Entre Papéis Falam. Sempre falam.... Daniel Serpa

Entre Papéis
Falam. Sempre falam. Muito. Às vezes demais. Às vezes na medida. E se não falassem? Silêncio. Processo sem voz. Juiz sem contraponto. Decisão sem disputa. Sem ardor. Sem sal.
Ajusta a gravata. Gesto automático. Herdado do pai. Também advogado. Tensão no ar. Olhar diz tudo. Mais uma disputa. Será que consigo?

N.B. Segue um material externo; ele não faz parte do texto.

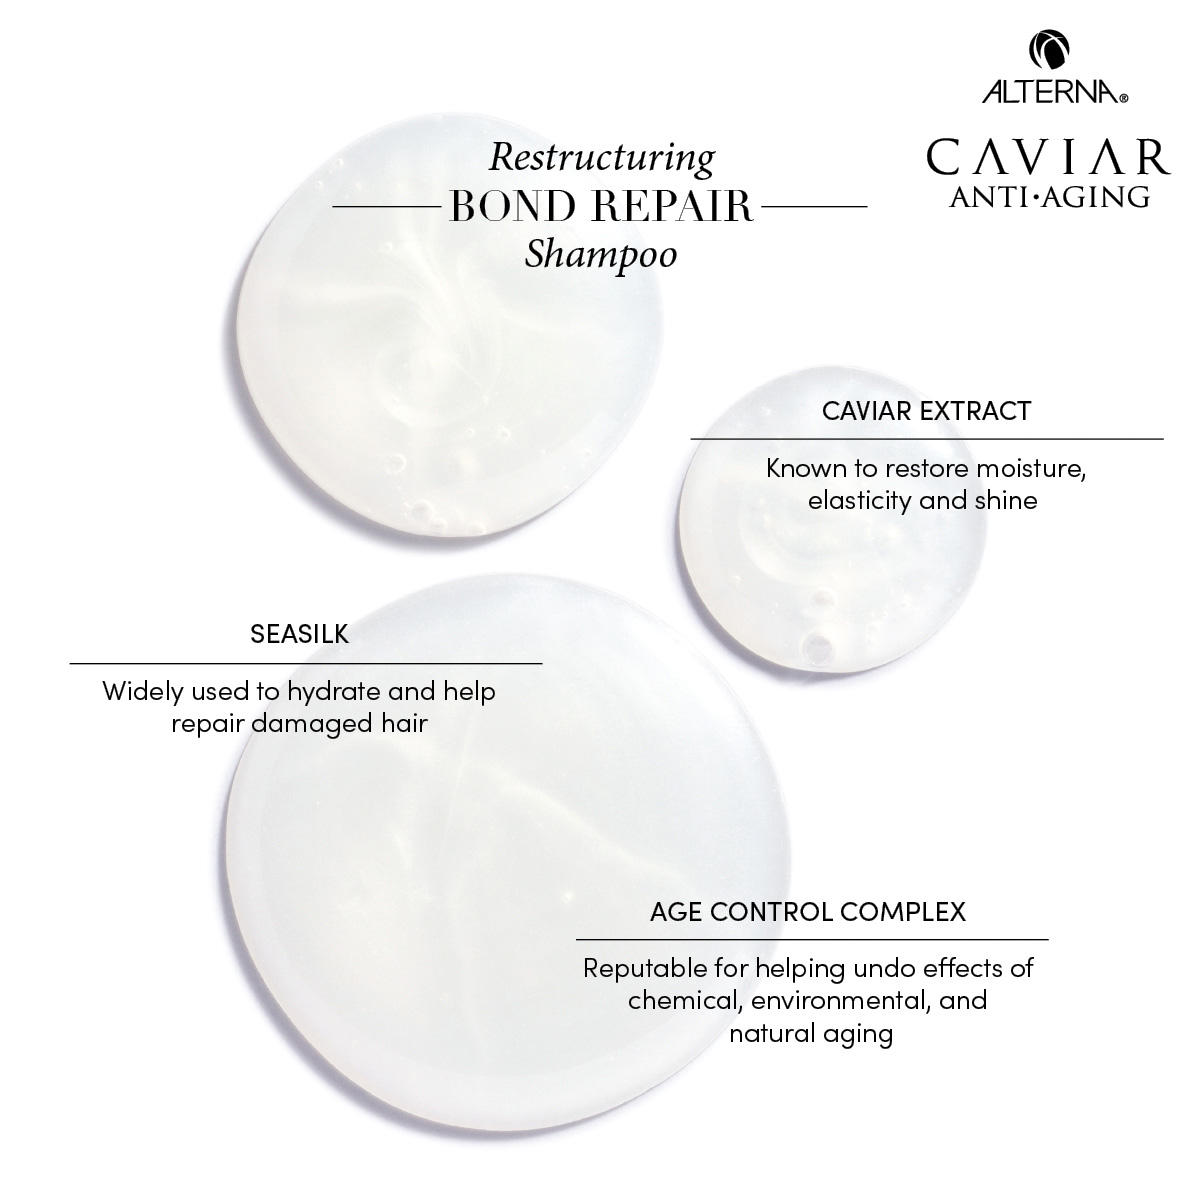 Alterna Caviar Anti-Aging Restructuring Bond Repair Shampooing 250 ml - 4

Toga nos ombros. Gira caneta entre os dedos. Olhar fixo. Espera. Sabe que vem surpresa. Um artigo esquecido? Uma súmula recém parida? Um pedido impensável? Quem sabe?
Respira fundo. Fecha o código. Encosta na cadeira. Deixa vir. Advogado entra. Rompe silêncio. Voz firme. Clara. Sustenta. Argumenta. Justifica. Pede. Mira direto nos olhos. Juiz escuta. Impassível. Ou quase. Na mente giram engrenagens.
Advogado sabe. Mas finge que não. Juiz levanta a sobrancelha. Advogado percebe. Brilha o olhar. Ali tem coisa. Insiste. Juiz folheia o processo. Devagar. Mudez.
E então? E então nada. Ou tudo. Porque advogado bom instiga. Juiz bom reflete. Nenhum existe sem o outro.
Processo sem debate? Documento velho. Papel morto. Só números. Só burocracia.
Advogado dá cor. Movimento. Alma. Processo ganha vida. Juiz dá ordem. Equilíbrio. Justiça. Processo ganha solução.
Dois papéis. Um único propósito.
Advogado é voz. Juiz ouvido atento. E o Direito? É o que acontece entre eles.
Rivalidade? Criada. Alimentada. Vendida como verdade. Bobagem. Advogado não é inimigo. Juiz não é adversário. Processo não é guerra. Mas há os que gostam.
Espadas. Escudos. Petições. Embargos. Movimentos táticos. Ataques. Defesas. Golpes jurídicos.
Teatro? Jogo? Guerra? Não. Direito.
Pausa. Cafezinho. Pelando. Ranger de xícaras nos pires. Tom muda. Sobre a cadeira. Toga dobrada. Advogado conta caso engraçado. Risadas. Baixas. Outro advogado. Entra. Outro juiz. Acena.
E antes que o café esfrie. Entre um gole e outro. Admiração. Recíproca. Escondida. Não dita. Mas sentida. Basta.
Amizade? Jardim se florescer. Se não, paz. Respeito? Sempre. Parceria? Inevitável. Reconciliação? Mais que possível. Necessária.
E o processo? Continua. Sempre continua. Porque o Direito não para.